もう1つ興味深いのは「トップページ」の再構築に成功しているという点。ソーシャルブックマークやYahoo!ニュースによって、「トップページ」の地位はかなり下がってしまっているんだけど、あらたにすのトップページは人力で情報が間引きされているようなので眺める気になる。

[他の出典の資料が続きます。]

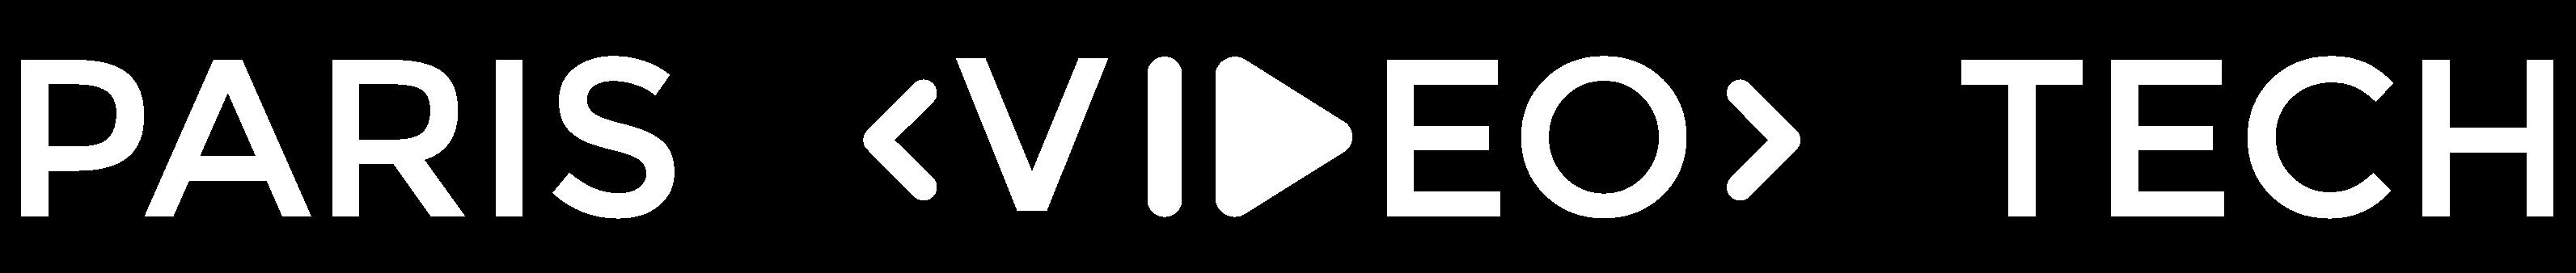 Paris Video Tech

個人的には、ソーシャルブックマークやYahoo!ニュースは「とりあえず主要記事を押さえておく」のに向いていないと感じていた。ソーシャルブックマークは細部に入りすぎるし、Yahoo!ニュースでは重要な記事を見逃すことが多々ある。そういう状況では「とりあえず一面を押さえた」という感覚が得られそうなのはとても興味がある。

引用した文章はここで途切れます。